If I'm being honest, the people who I have had the most conflict with in this job have been the volunteers who come in to serve dinner at night.  Most of them are working professionals- coming in after work still dressed in their business clothes.  As they enter the kitchen, perhaps they have not met "the new cook yet"- and I'm whipping around the kitchen trying to keep things in order as they put on hair nets and aprons.  The male volunteers often look around, wondering where the leader of the kitchen is, looking straight passed me, even though I am the only one dressed in a chef coat.  Often they make jokes, saying "Oh, are you the executive chef?", being sarcastic, not realizing that I am in charge.  I simply look at them and respond "yes", and continue to carry trays of food out of the oven and check to see if the iced tea is made.  It does not make me insecure- just confused and annoyed- because at times I feel belittled and doubted by outsiders, even though the residents who work with me are well aware that I am the leader and we are functioning smoothly and happily as a kitchen staff.

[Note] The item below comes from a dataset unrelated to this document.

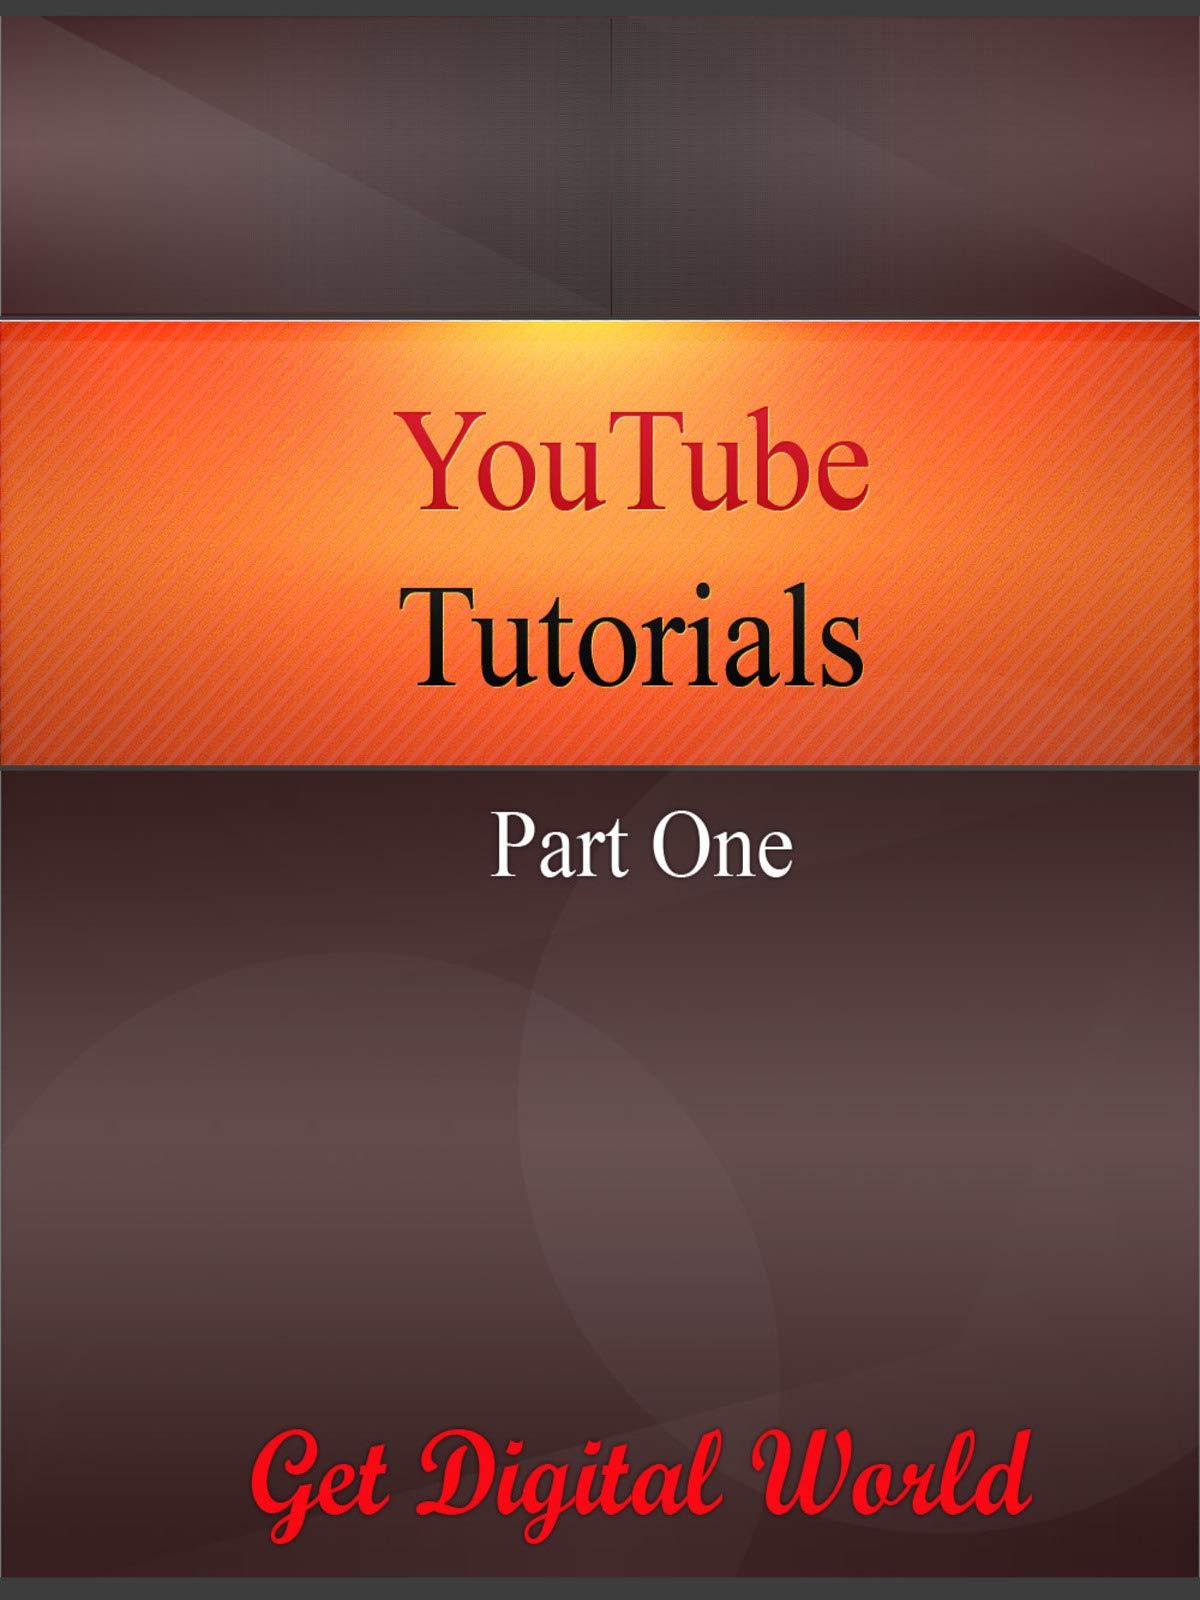 YouTube Tutorials Part One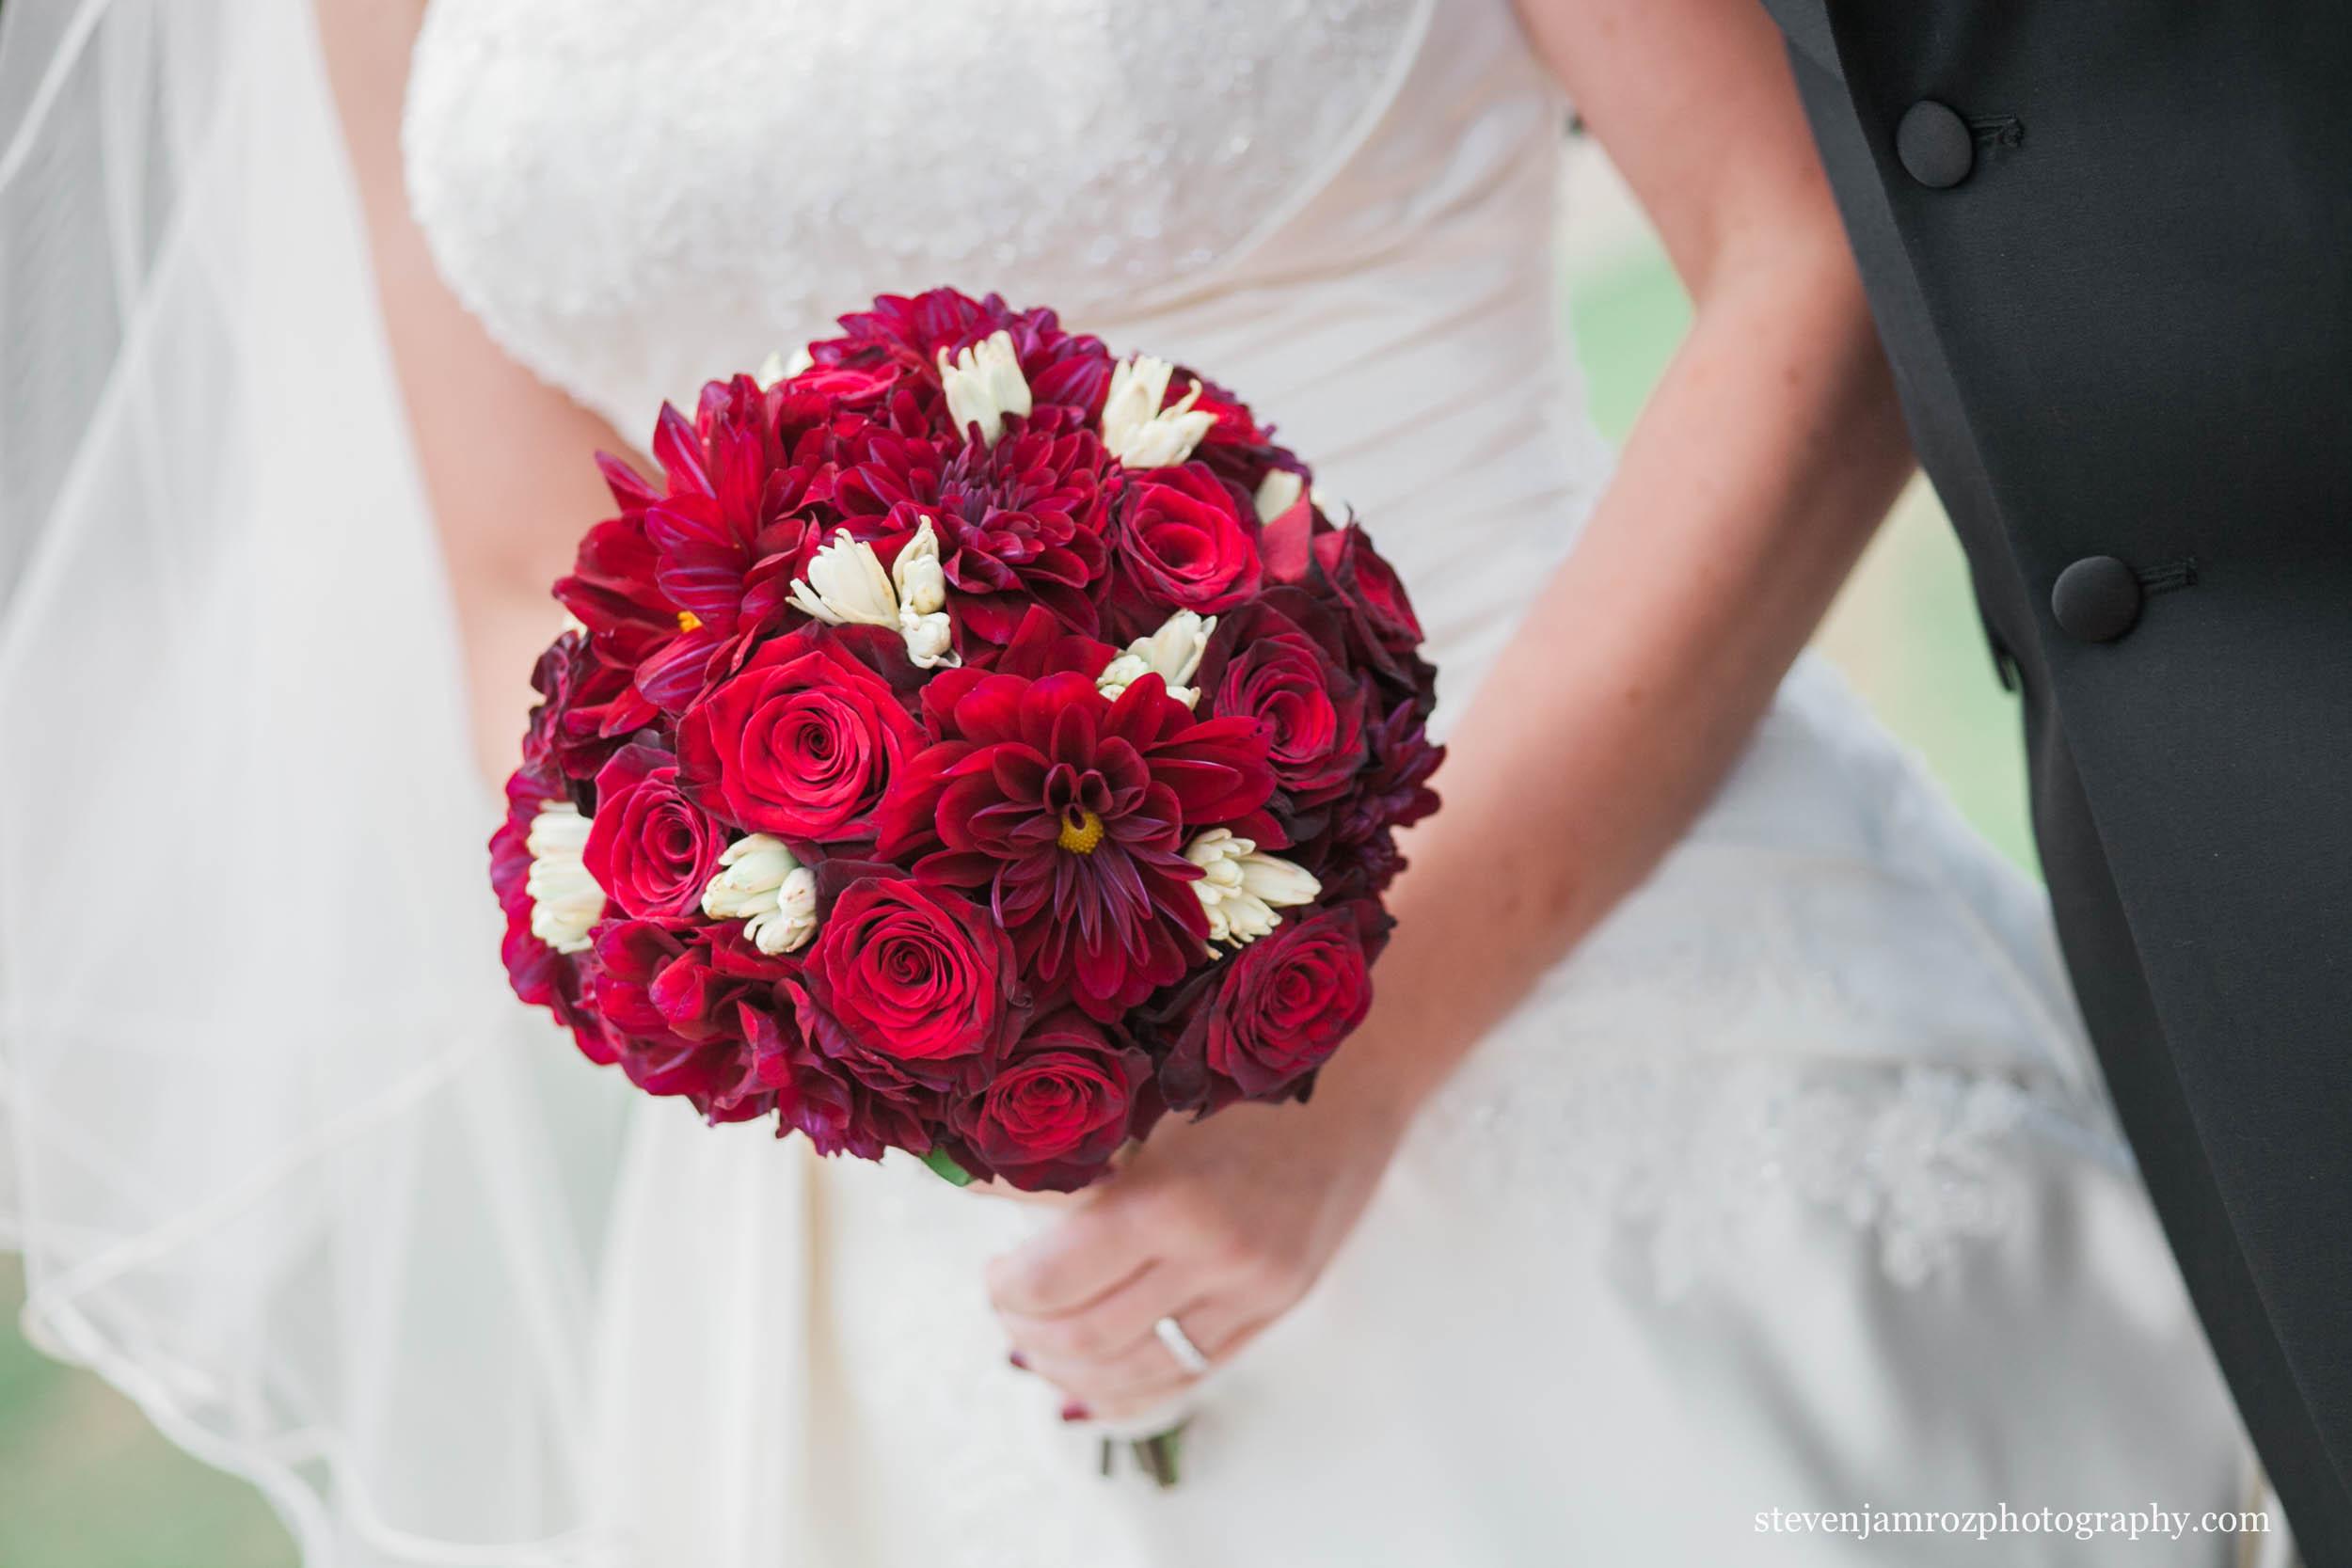 bouquet-red-wedding-flowers-steven-jamroz-photography-0159.jpg

I feel like the residents are my family in a way, and  sometimes I ask them why the volunteers treat me in these ways.  They tell me that the volunteers might be stunned that I am the leader at first, but by the end of their shift, they are always well aware that that is the case.

I am happy when I am working because I am using food as an avenue to serve and love others.  I get to teach and instruct, while learning as well.  Many of the residents are great cooks, and I am always asking them about their personal recipes and what types of foods they love.  I love to spend time with them, and I only work with the ones who want to work with me.  If they do not want to be in the kitchen, I let them go, and request others by name who I know would want to work.  There is no forcing anyone to do anything, and at times I have had to turn away residents who want to volunteer as extra kitchen staff because the kitchen is too full.  I've had my fair share of drama- ladies wanting to work in heals and dresses, men panicking when I ask them to do certain jobs and screaming "I can't cook though!", and sometimes too much dessert disappearing from the cooler.  But more than anything, I have a wonderful staff and I enjoy instructing and engaging with them all.

Maybe I'm just new at the job and have a romantic view of the whole thing, but working as a cook at the mission feels like my calling, and I'm glad that I'm doing it and I will constantly look for ways to do it better.

There's something magical about picking up the kitchen after dinner, singing and sweating, and knowing that we have experienced another successful meal together through our teamwork.  It feels good to work hard physically, as well as to stretch myself emotionally to care for these people.  I sleep well at night, and in a strange way, it's hard to picture myself doing anything else.

One day I watched a man who had come in off the street eat the chicken salad I made for lunch.  He ate quickly and I could tell he was very hungry.  I started crying while I watched him because I realized that what I had prepared was nourishing his body and fulfilling a need, and that he was enjoying it at the same time.  I realized how spiritual that is- to serve others and to fulfill their needs and nourish them in any way that we can.  I remembered that it was more than worth it to work this hard to feed these people.  He asked for more and I gave him seconds, and something inside of me felt alive and broken at the same time as we locked eyes and he thanked me over and over again.